Órgão alagoano justifica demora no envio de informações sobre monitoramento do ex-presidente Fernando Collor.
A Secretaria de Alagoas alegou desconhecer o e-mail do STF para justificar a demora no envio de informações sobre o monitoramento de Collor.
A Secretaria de Ressocialização e Inclusão Social de Alagoas informou ao Supremo Tribunal Federal (STF) que a demora no envio de informações sobre o monitoramento do ex-presidente Fernando Collor ocorreu devido à falta de conhecimento do e-mail do gabinete do ministro Alexandre de Moraes.
O ministro havia solicitado explicações sobre o desligamento da tornozeleira eletrônica de Collor, que cumpre prisão domiciliar em Maceió. Segundo Moraes, a tornozeleira ficou sem bateria nos dias 2 e 3 de maio, mas o STF só foi informado em outubro, cinco meses depois.

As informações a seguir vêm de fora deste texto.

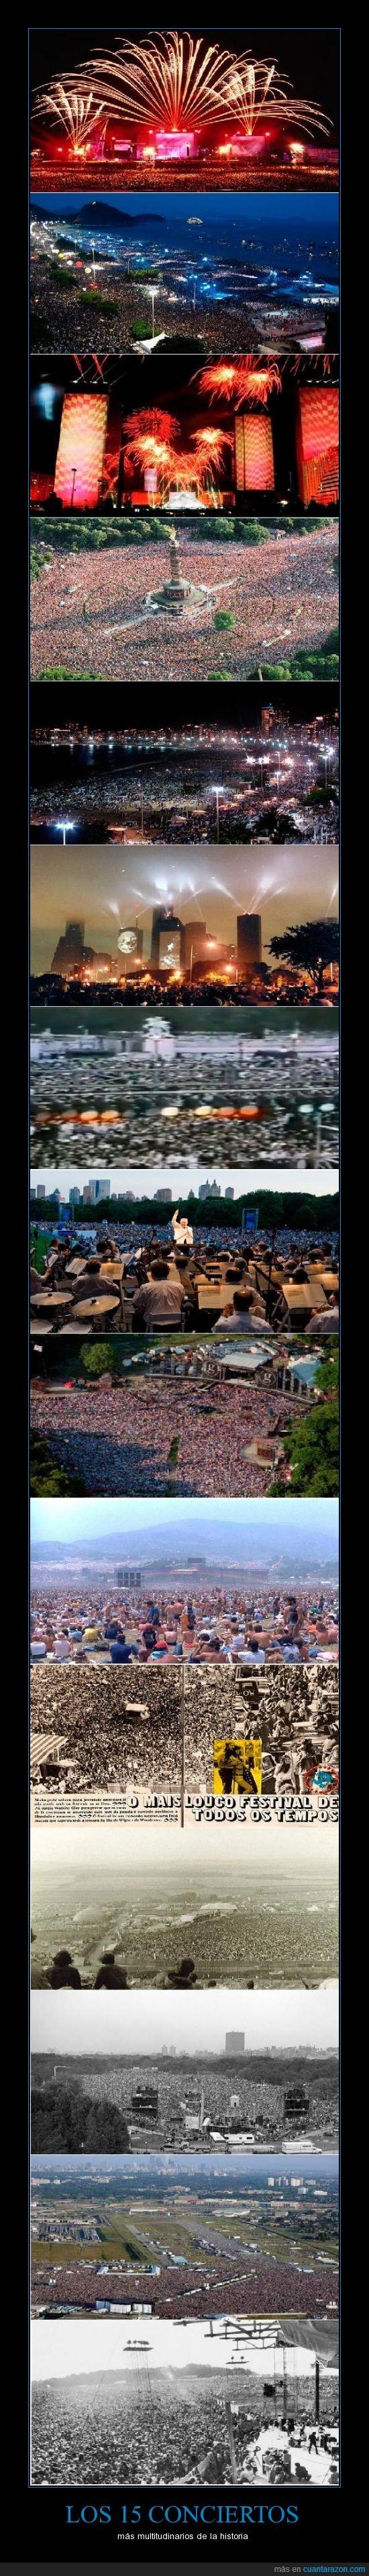 Conciertos,Garth Brooks,Jean Michel Jarre,Love Parade,Multitud,Rod Stewart,Simon & Garfunkel,The Rolling Stones,Woodstock

De acordo com a secretaria, o monitoramento sempre foi realizado, mas os relatórios não foram enviados por falta do endereço eletrônico do gabinete. A secretaria negou intenção de omitir informações, alegando zelo e observância aos procedimentos internos.
Condenação de Collor
Em 2023, Collor foi condenado pelo STF por indicações políticas na BR Distribuidora e recebimento de R$ 20 milhões em vantagens indevidas. Em abril, sua prisão foi determinada após a rejeição de recursos.
A defesa solicitou prisão domiciliar com uso de tornozeleira, alegando comorbidades como doença de Parkinson e apneia do sono.